The Elements is a compilation of data, in alphabetical order, of all the main properties of the chemical elements. The properties include chemical data, physical data, biological data, nuclear data, electron shell data, crystal data, and geological data. The book also includes the derivation of the name, the discoverer, the date of discovery, etc. There is a final chapter on the development of the periodic table.
- Published: 1998
- Publisher: Clarendon Press
- ISBN: 0198558198 (hbk), 019855818X (pbk)
- Did you know?
- This started out life as a data book of chemistry, which never materialised, although I did completed the section on the elements. This languished in a drawer in my desk until one day a representative of Oxford University Press called to tell me about their latest books and casually asked if I'd ever though of writing one. When I showed him my elements manuscript he realised that it was a book in itself, and within a short while it appeared and went into printing after printing.

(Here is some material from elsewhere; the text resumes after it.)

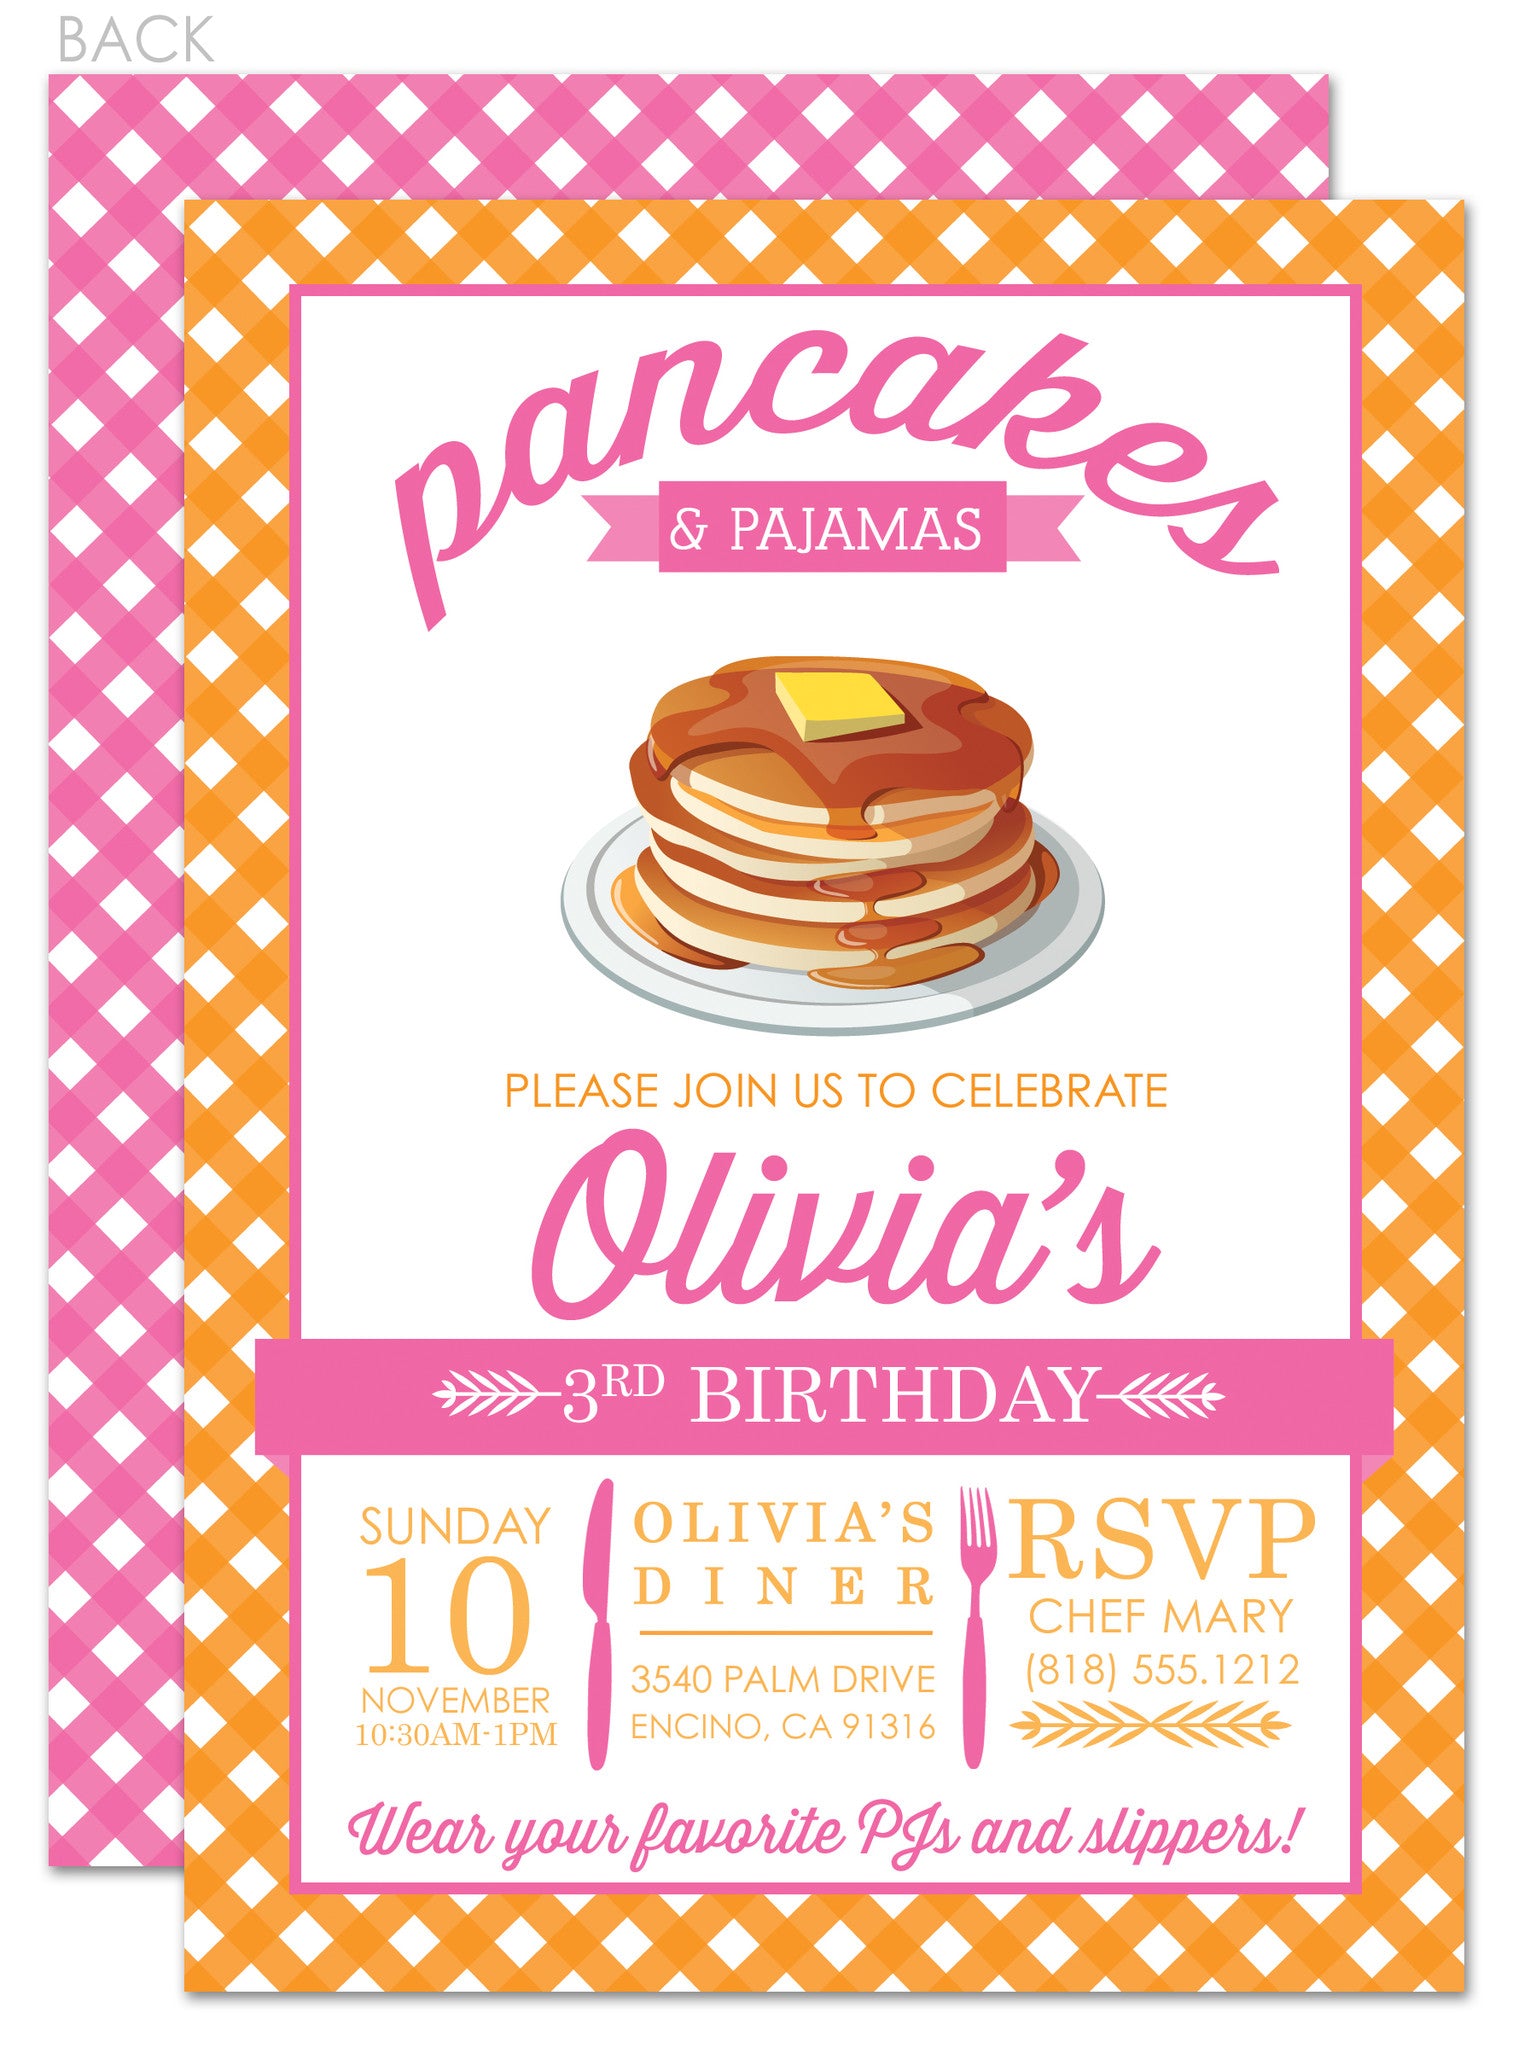 Pancakes and pajamas party invitation, in pink and orange, printed on premium heavweight cardstock, Pipsy.com

However, the third edition was sabotaged by a lecturer at Sheffield University who had been commissioned to transcribe it into a digital format. Unbelievably, he loaded it completely on to the Sheffield University website.
Table of Contents
- Key to the elements
- The elements in alphabetical order.
- These consist of key data about every element providing the basic data of atomic number, relative atomic mass, date of discovery and discoverer, origin of name and its name in French, German, Italian and Spanish.
- Chemical data
- Description, radii, electronegativity, effective nuclear charge, standard reduction potentials, oxidation states, covalent bond data.
- Physical data
- Melting point, boiling point, critical temperature, critical pressure, enthalpy of fusion and enthalpy of vaporisation, thermodynamic properties ΔH, ΔG, S, and Cp, density, molar volume, thermal conductivity, and mass magnetic susceptibility.
- Biological data
- Biological role, toxicity, hazards, level in human blood, bone, liver, and muscle. Daily dietary intake and total mass in the average person.
- Nuclear data
- Nuclides, atomic mass, natural abundance, nuclear spin, nuclear magnetic moment, uses. NMR (relative sensitivity, receptivity, magnetogyric ration nuclear quadrupole moment, and frequency).
- Electron shell data
- Ground state electron configuration, term symbol, electron affinity, ionization energies, electron binding energies, main lines in atomic spectrum.
- Crystal data
- Crystal structure, X-ray diffraction mass absorption coefficients, neutron scattering length, thermal neutron capture cross-section.
- Geological data
- Minerals, chief source, world production, reserves, specimen availability, abundances in sun, Earth's crust, atmosphere, seawater (plus residence time), oxidation state.
- Appendix 1 - radioactive isotopes of the elements
- Appendix 2 - electron binding energies, additional data
- Appendix 3 - minerals, additional data
- The periodic table, history and development
- The discovery of the elements
- Abundance of the elements in the Earth's crust
- Index
- Tables of elements in order of atomic number and alphabetical chemical symbols.